Columnist Giles Smith forgives himself for forgetting his team's durability and casts a supporter's eye over the first leg happenings.


Hands up if you'd sort of settled for 1-0. I've got to confess that, as we passed into time added on, I was doing my best to bring myself round to the idea.

'Two goals and a clean sheet back at our place? Tough, but by no means an impossible task,' I was telling myself. 'Could have been a lot worse, too, if Petr Cech hadn't turned that Gerrard shot over and then got in the way of that Torres one right near the end. So, 1-0 at Anfield, then. Not such a bad night's work, all things considered, in a two leg tie.'

So, it's a good job, all in all, that it was Salamon Kalou who took the ball down towards the corner flag in the third minute of injury time, rather than me. That's not because my ability, under pressure, to make a telling delivery from out wide isn't devastating in its own way. Rather, it's because Kalou was clearly one among our number who hadn't settled for 1-0.

Going home without an away goal was still, even at that point, not part of his agenda for the evening. Instead he still had the belief and the dogged, never-say-die spirit to look up, whip the ball in and beautifully find John Arne Riise, ghosting in from deep to the near post.

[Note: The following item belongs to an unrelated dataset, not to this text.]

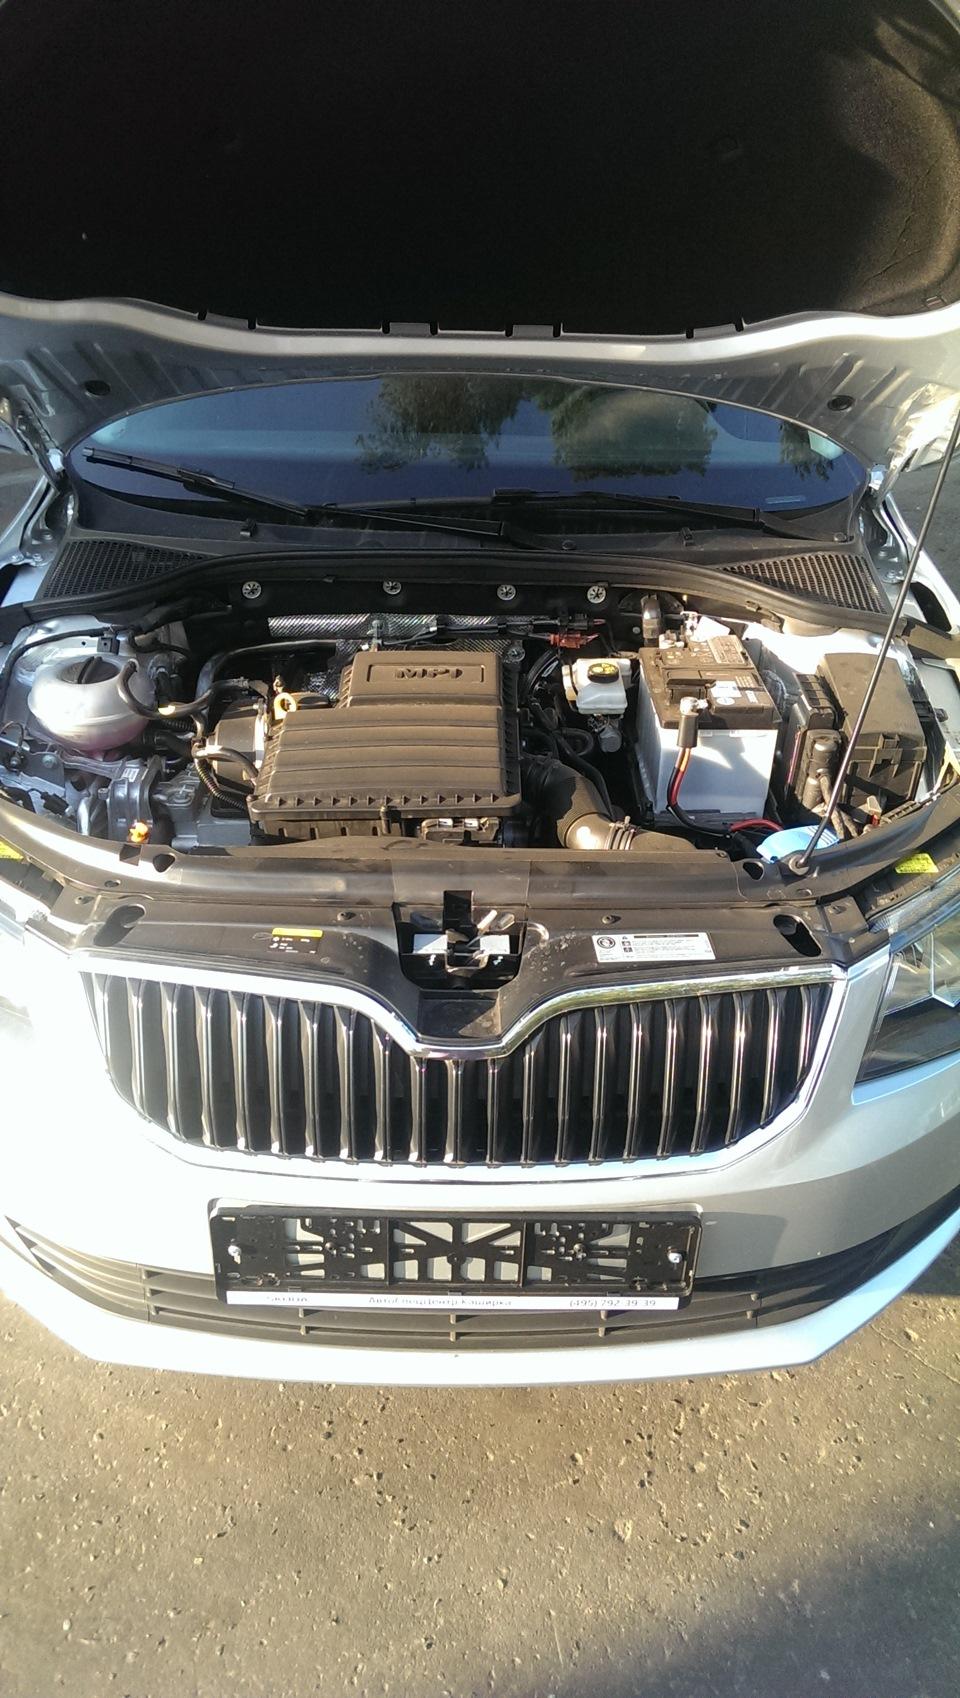 skoda octavia a7 двигатель 1,6 mpi

Talk about timing your run to perfection. Look again at the agility with which the Liverpool man gets himself down low. Look at the power he manages to impart behind the header. Look at the inch-perfect placement, wide of Reina and into the roof of the net. Riise probably won't score a better goal in his career. He certainly won't score a more valuable one from our point of view. In front of the Kop, too. Ah, the memories.

Now, obviously there are going to be some people who maintain that Carragher ought to have picked him up. And it does appear that Reina was left fearfully exposed by his central defence at that moment. I'd prefer, though, to give the credit to Riise for eluding his man.

Sometimes a player can come into the box so quickly and from such an acute angle, that not even the best defender in the world would be able to do anything about it. This was one of those occasions.

So, 1-0 was OK, but 1-1 is better. And it means we can be slightly less pedantic and irritated about the freakish nature of Liverpool's first-half goal. The quickly-taken free kick which wasn't a free kick; the sliced shot which balloon'd the ball into the box; Babel retreating from an offside position to impede Makelele and prevent him from getting to Kuyt - all of these little details we might have had to get much more worked up about, if Riise hadn't done us that last-gasp favour.

The semi-final is by no means done and dusted, of course. We'd be foolish to assume that. Liverpool will scrap for the second leg like a team that has nothing else left to play for because? well, because they are a team that has nothing else left to play for. But it gives us some real hope, I think, for a place in the final.

Of course, Liverpool being Liverpool, and Benitez being Benitez, no one of any significance from the side that turned out last night will be required to exert himself between now and the second leg.

They've got Birmingham at the weekend, which almost certainly means they'll be sending out Peter Crouch to deal with it, while the first teamers lie around at home having their calf muscles rubbed and their toenails painted.

Torres hadn't played for nine days before last night. Nine days! There must come a point, surely, where 'rested' stops being 'rested' and starts being 'not quite match fit'. But, hey - that's Benitez' problem, I guess, and no business of ours.

We, on the other hand, have the small matter of a potentially title-deciding clash with a decidedly wobbly-looking Manchester United to fit into our busy schedule in the meantime. Which is, of course, tough on us.

But we wouldn't have it any other way, would we? Certain other clubs may decide that the Champions League is the only competition worth bothering about, and set all their eggs in its one, expensively-lined basket. But here at Chelsea, we like to treat every competition with the respect that it deserves, remaining competitive across the board for as long as we possibly can. Doesn't mean you necessarily win them all, of course. But it's more satisfying, knowing that you genuinely tried.